- Assigned task -
Reproduce exactly the line containing "Free stock photo of branch, pine, tree" and each line after it until the listing ends, leaving pictures out.

- Supplied information -
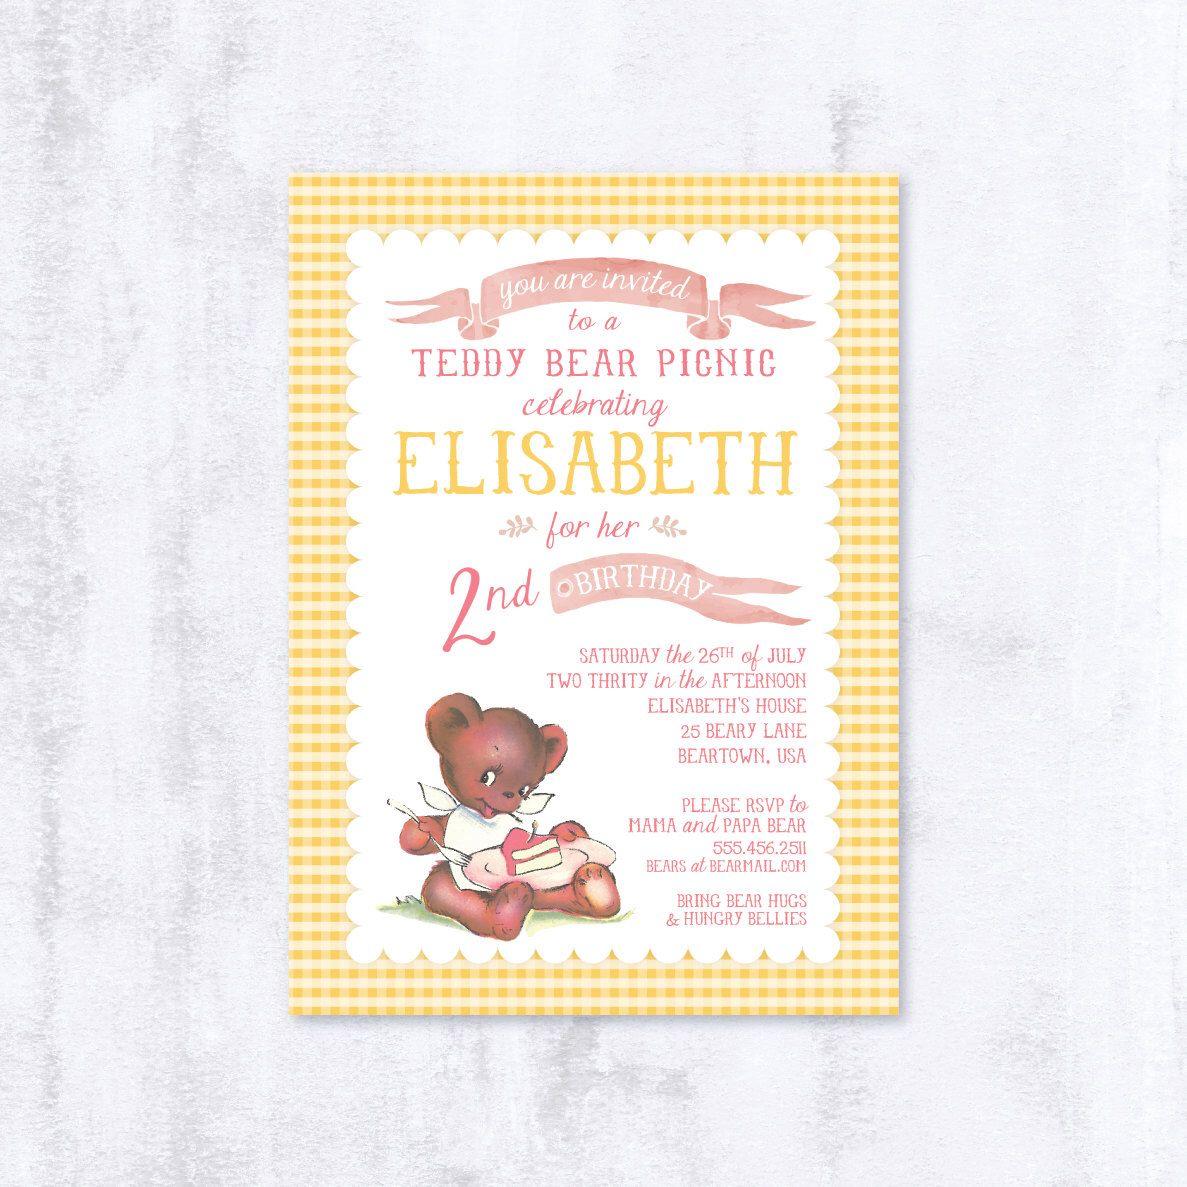 Teddy Bear Picnic - Birthday Party Invitation - Custom Printable ...
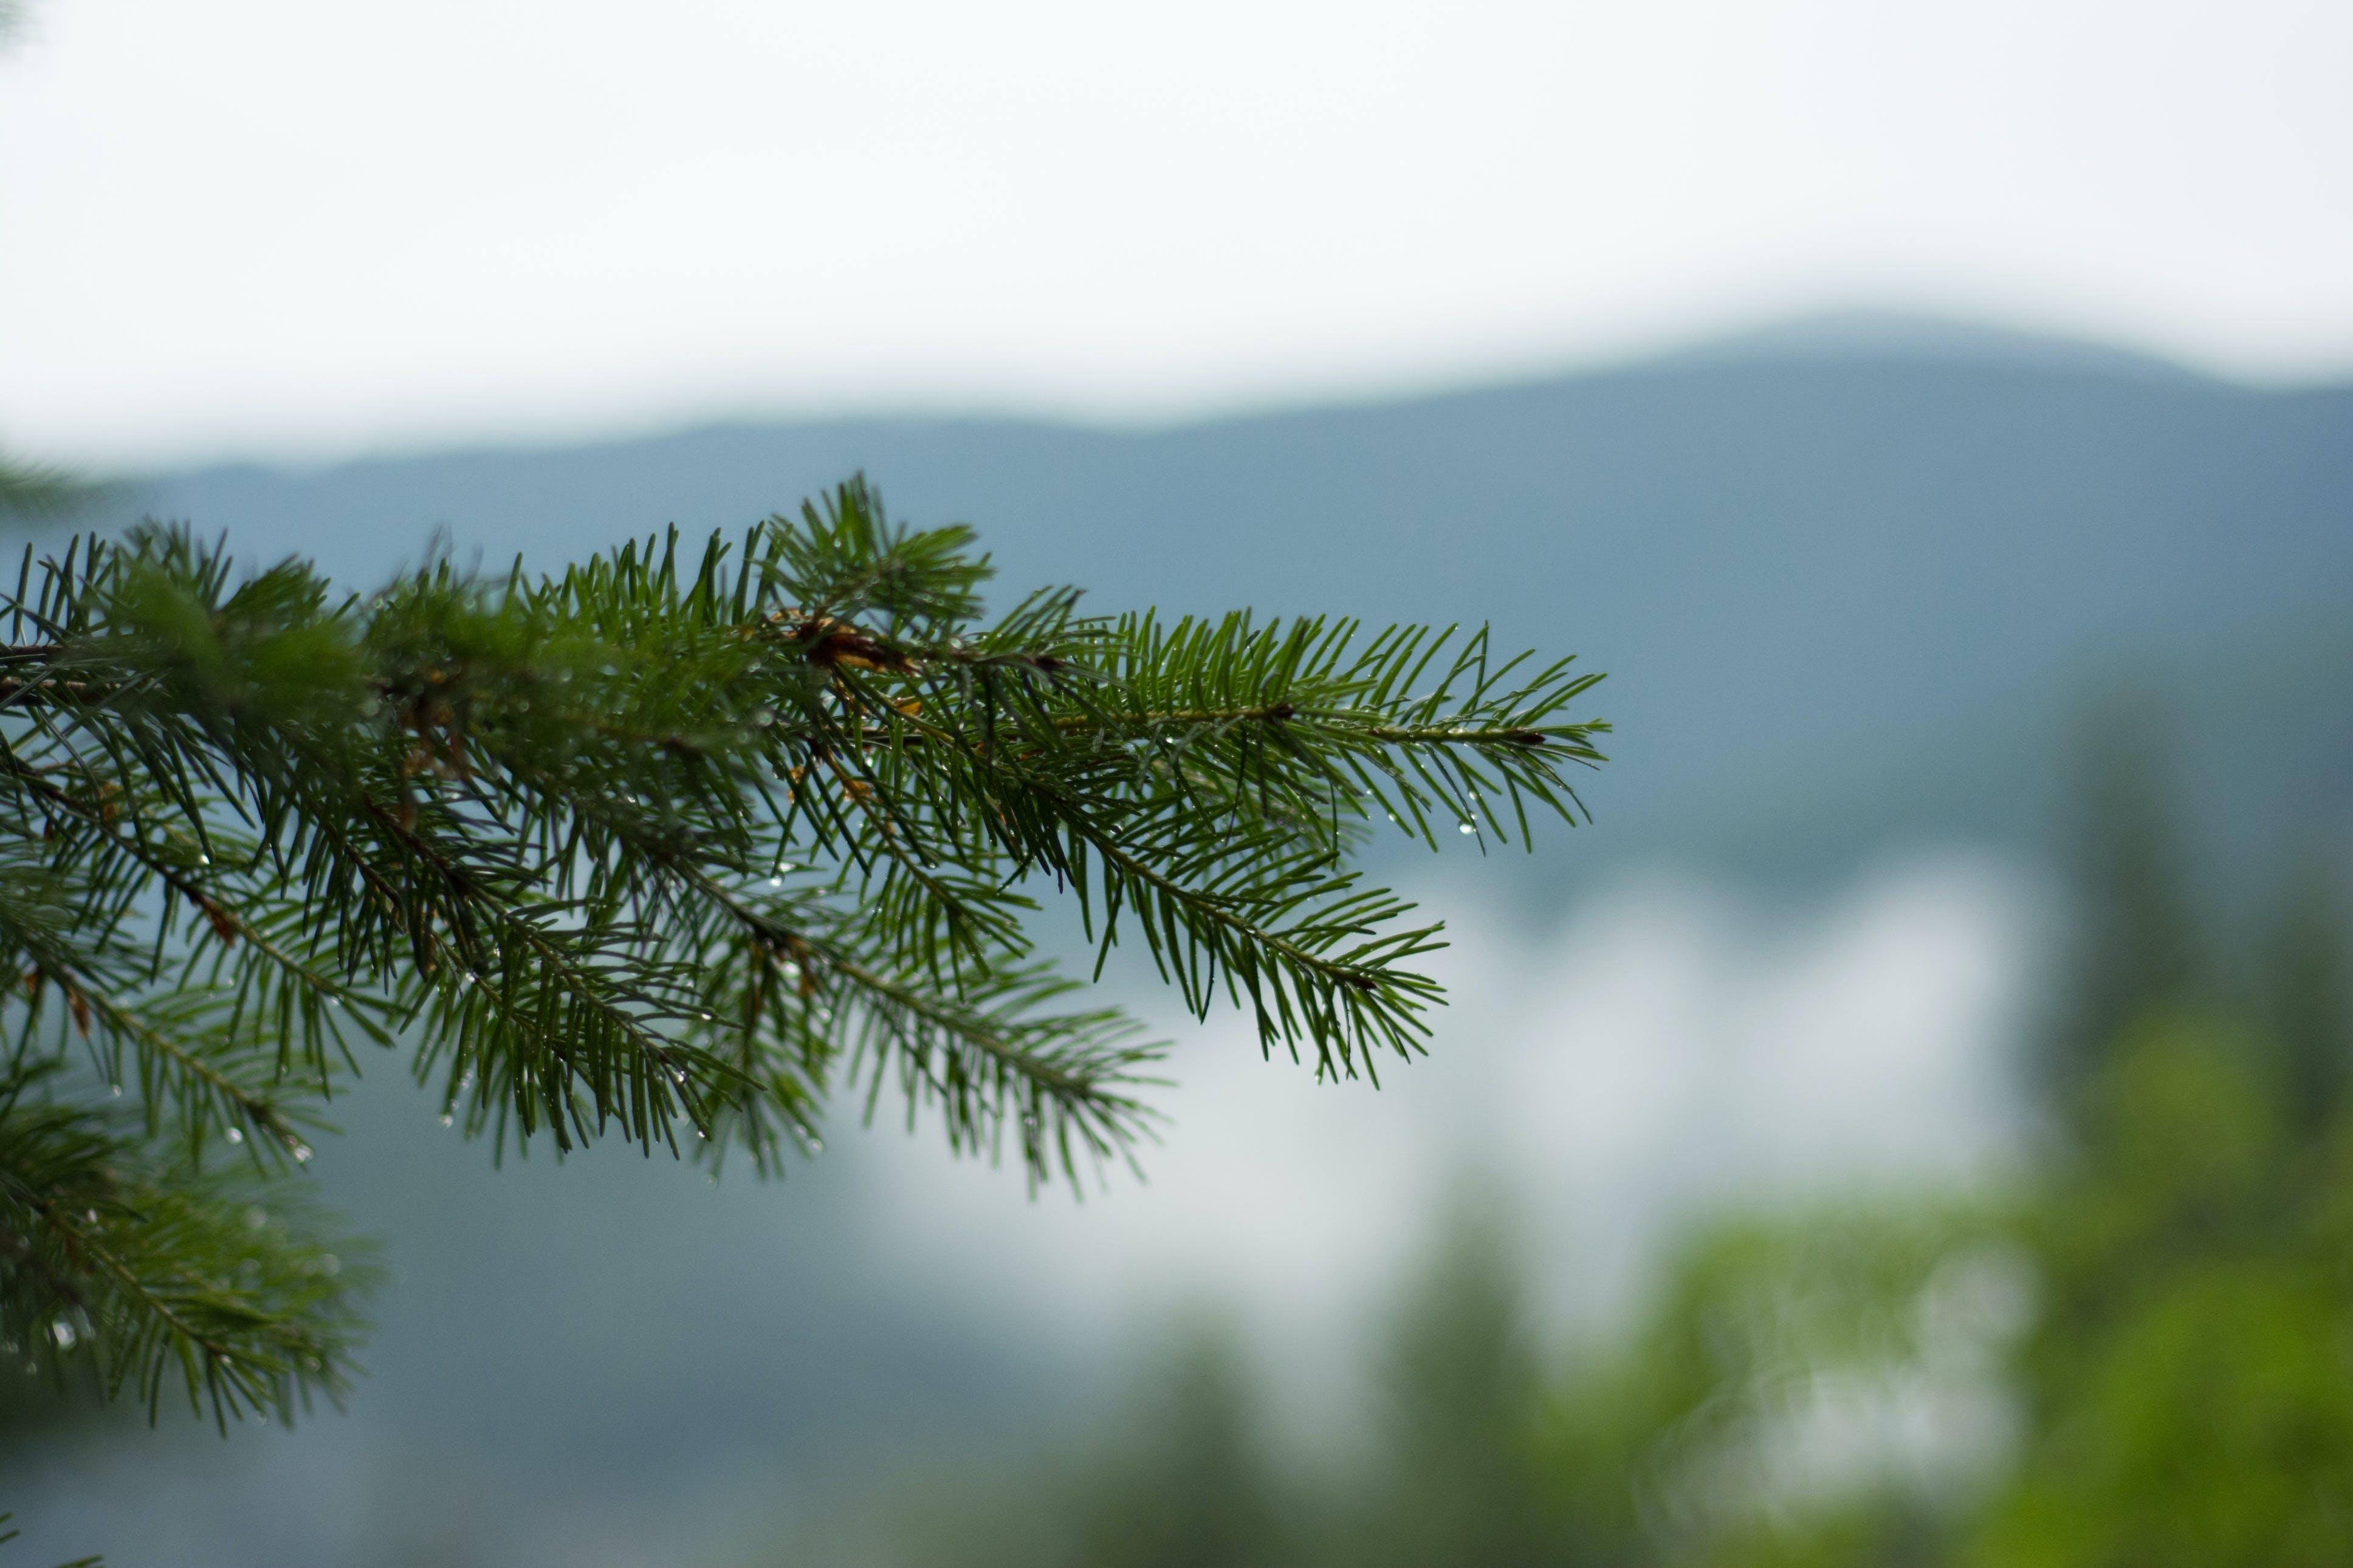 Free stock photo of branch, pine, tree
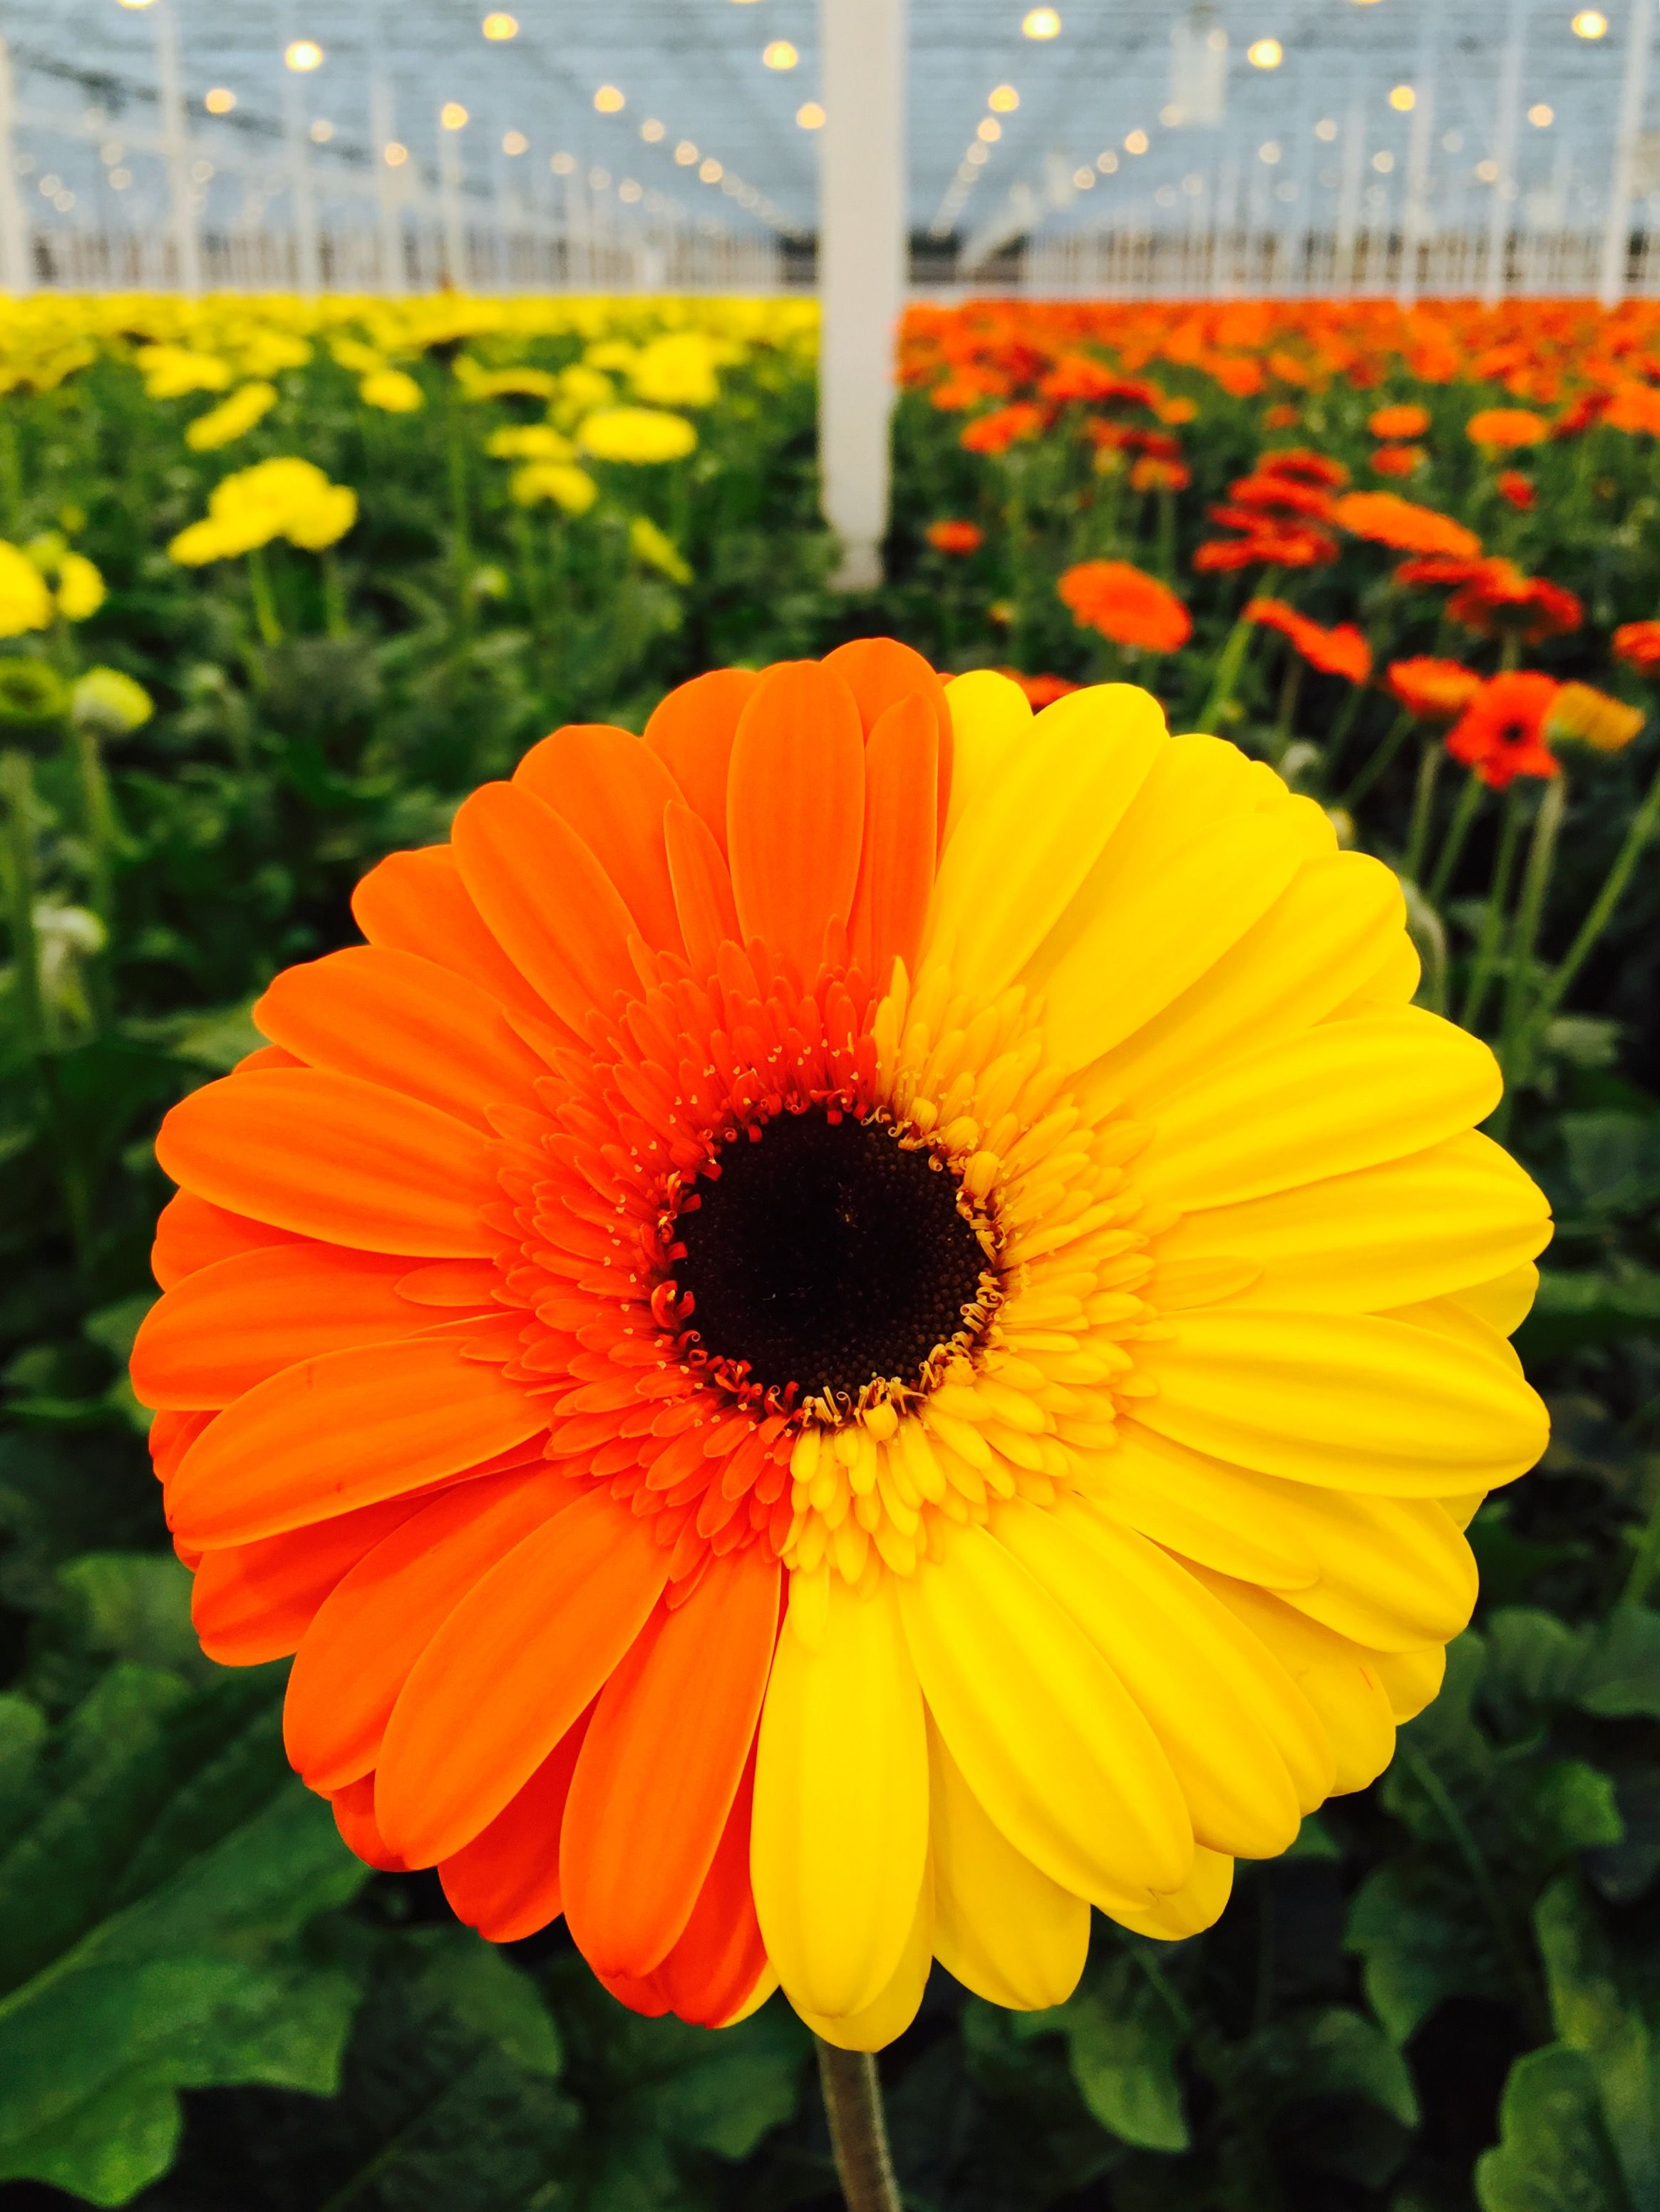 Home Gerbera Daisy Mother Nature Gerbera

- Result below -
 Free stock photo of branch, pine, tree
 Home Gerbera Daisy Mother Nature Gerbera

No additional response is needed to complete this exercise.